What is needed:
Please give back the listing below word for word and drop any images.

Data segment:
::::

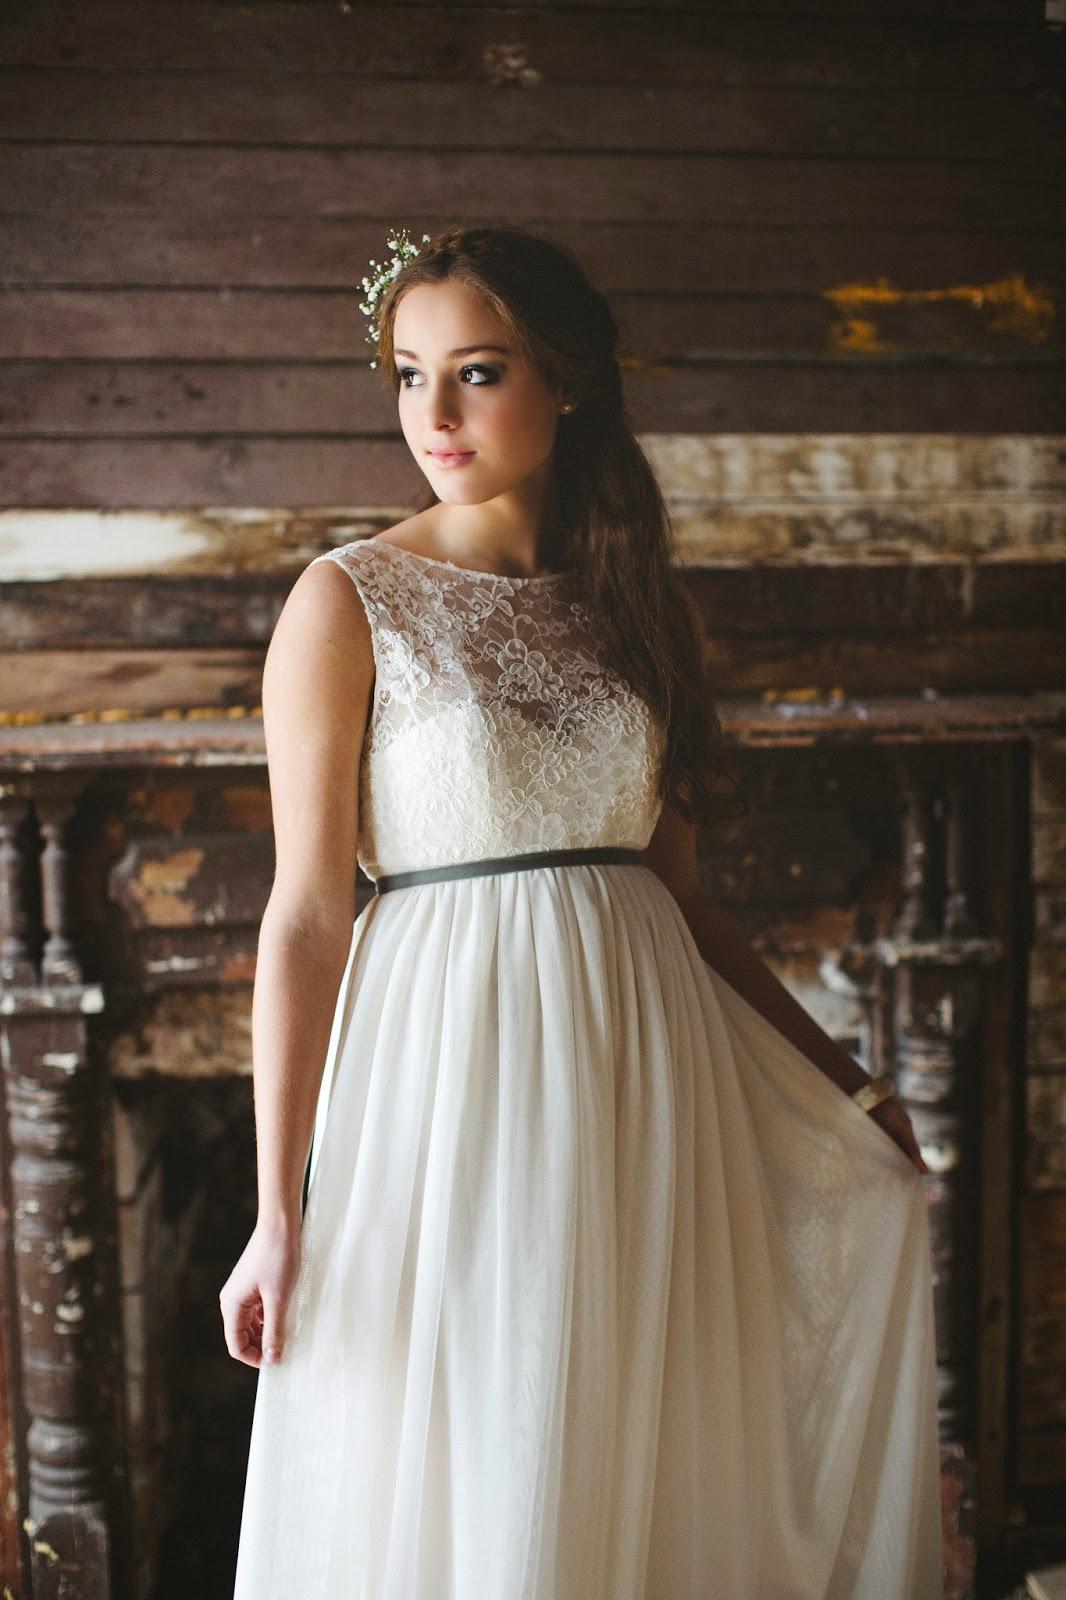 Baby doll lace wedding dress – Preloved bridal dresses
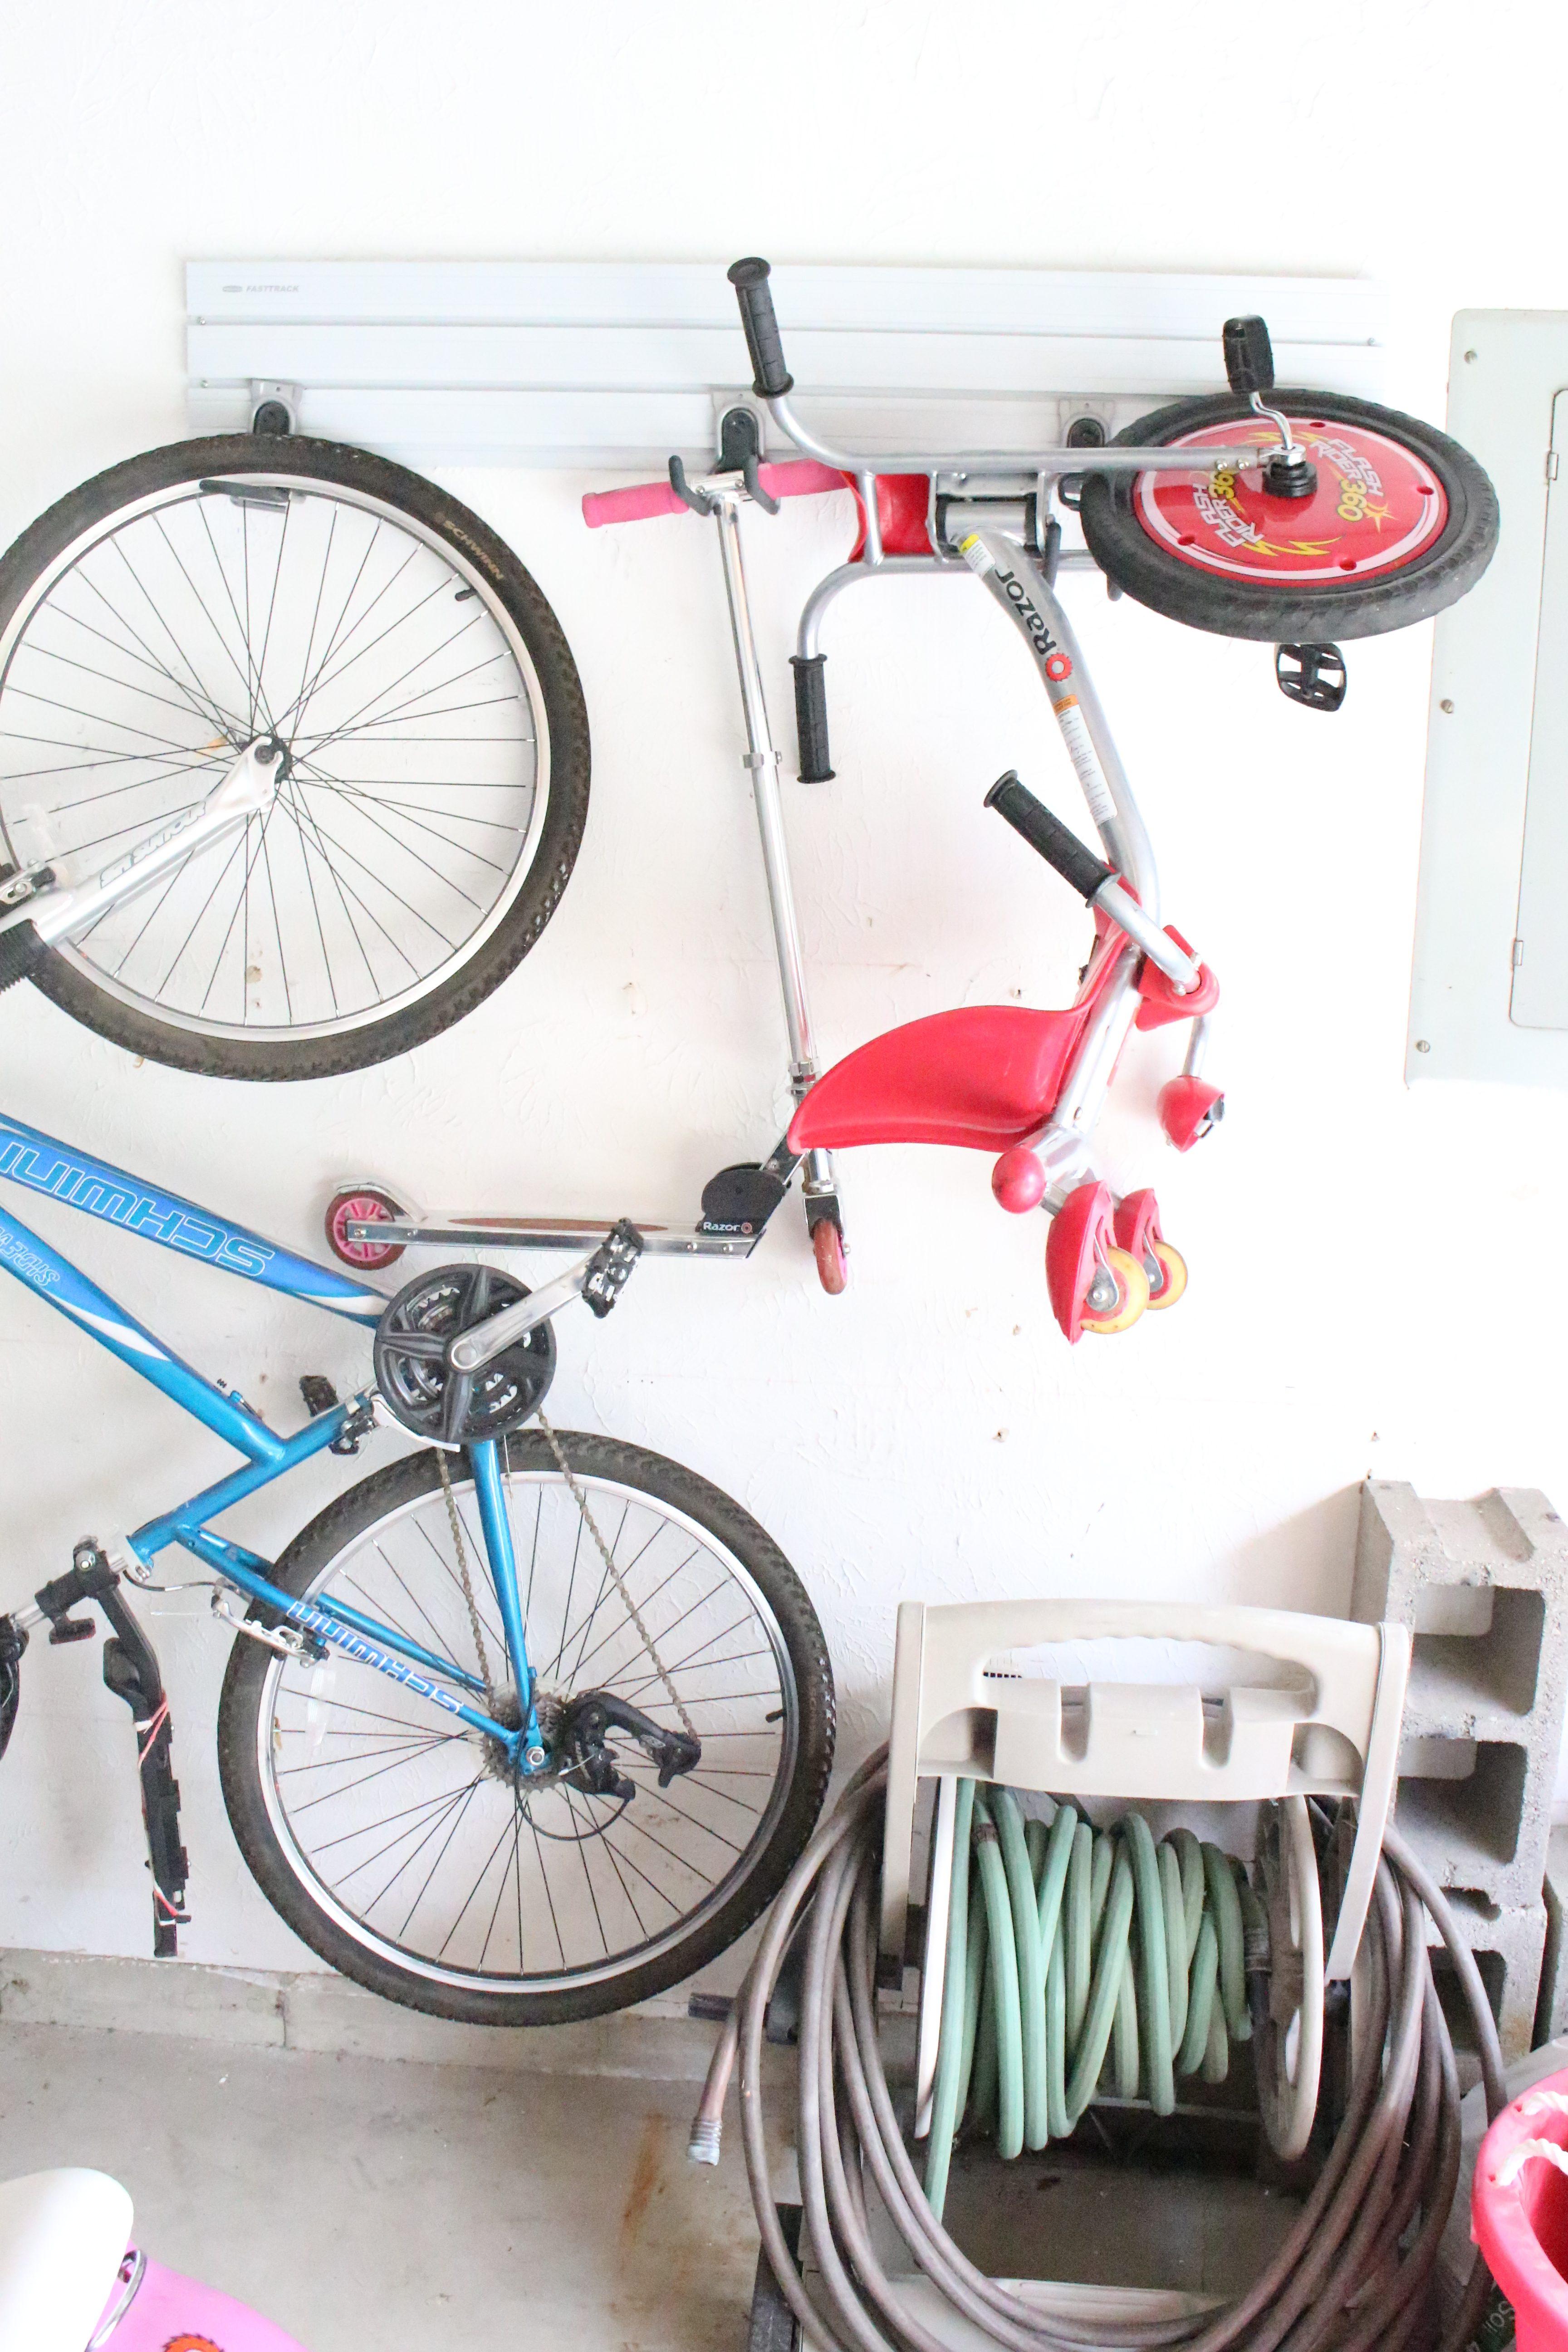 RubberMaid Fast Track Garage System |garage cleanup | Home Depot | Organizing a garage | garage system |
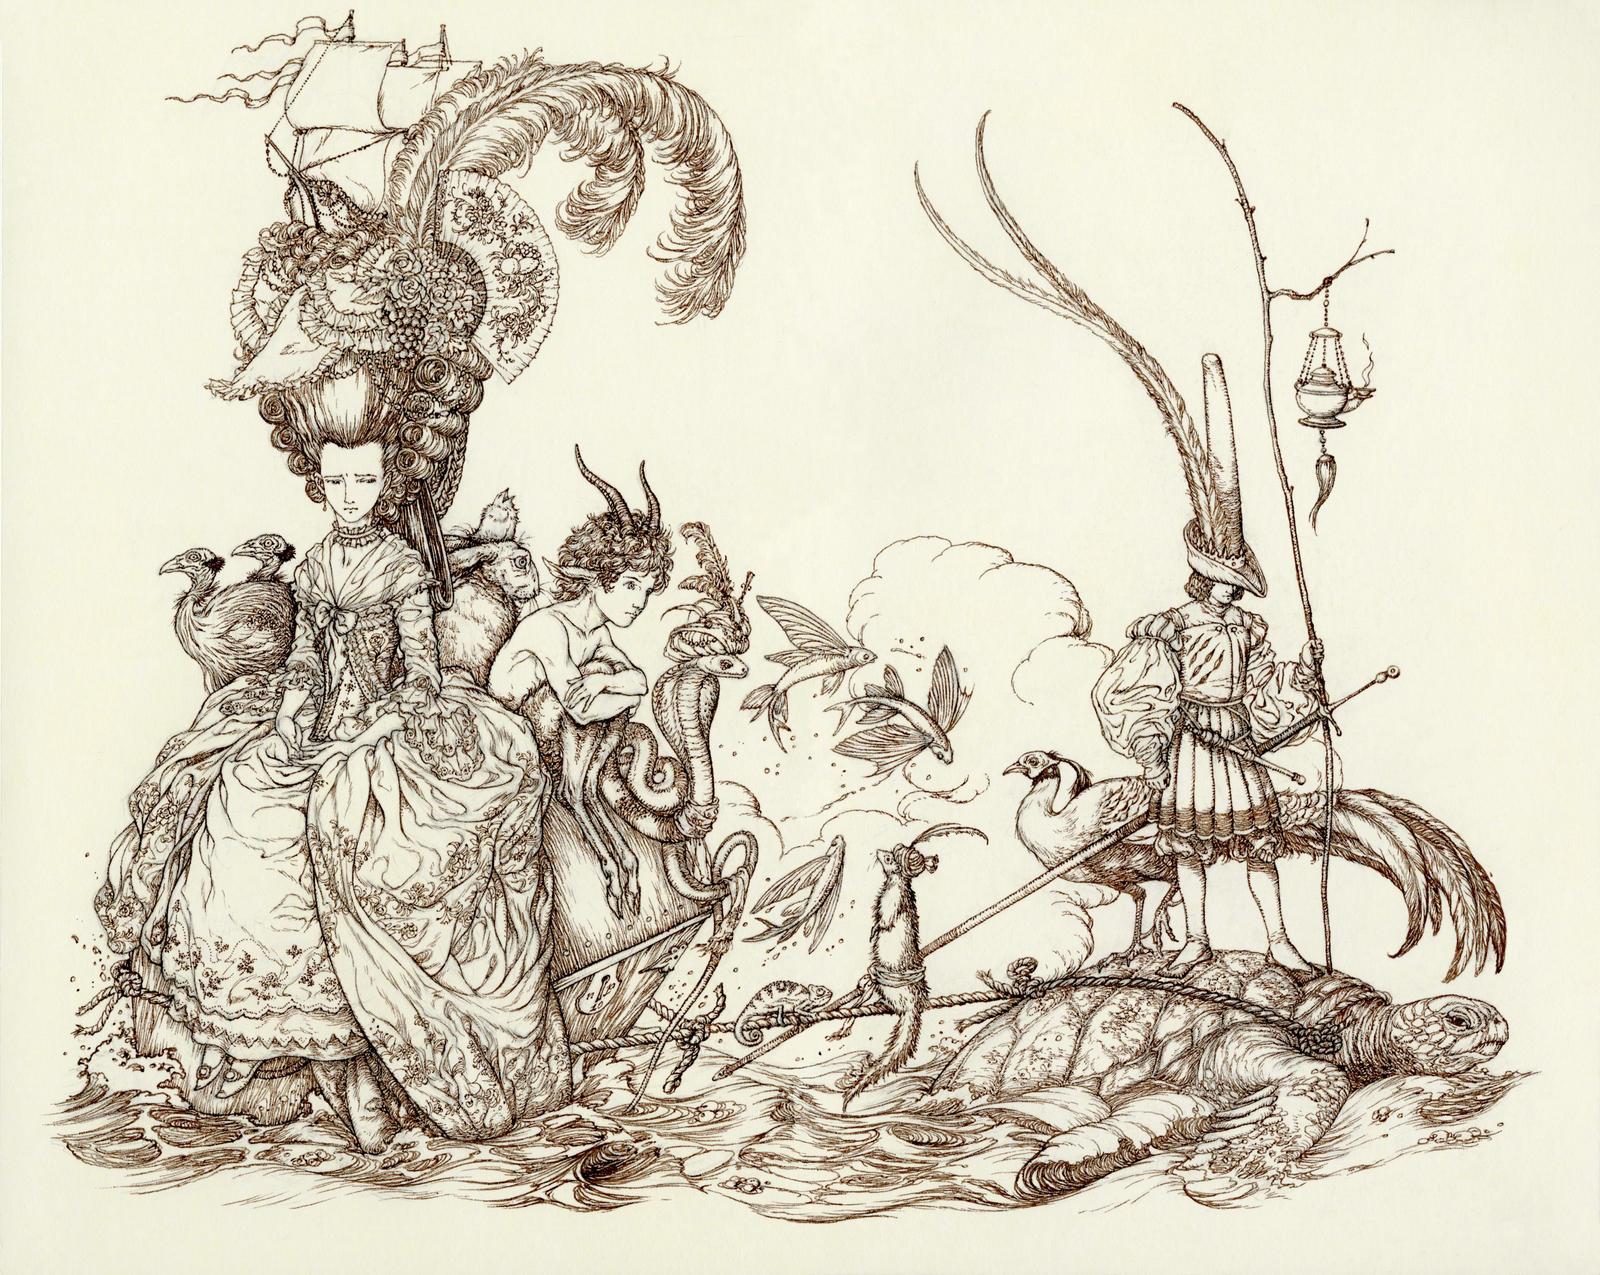 Adrift by Himmapaan

::::

Answer section:
 Baby doll lace wedding dress – Preloved bridal dresses
 RubberMaid Fast Track Garage System |garage cleanup | Home Depot | Organizing a garage | garage system |
 Adrift by Himmapaan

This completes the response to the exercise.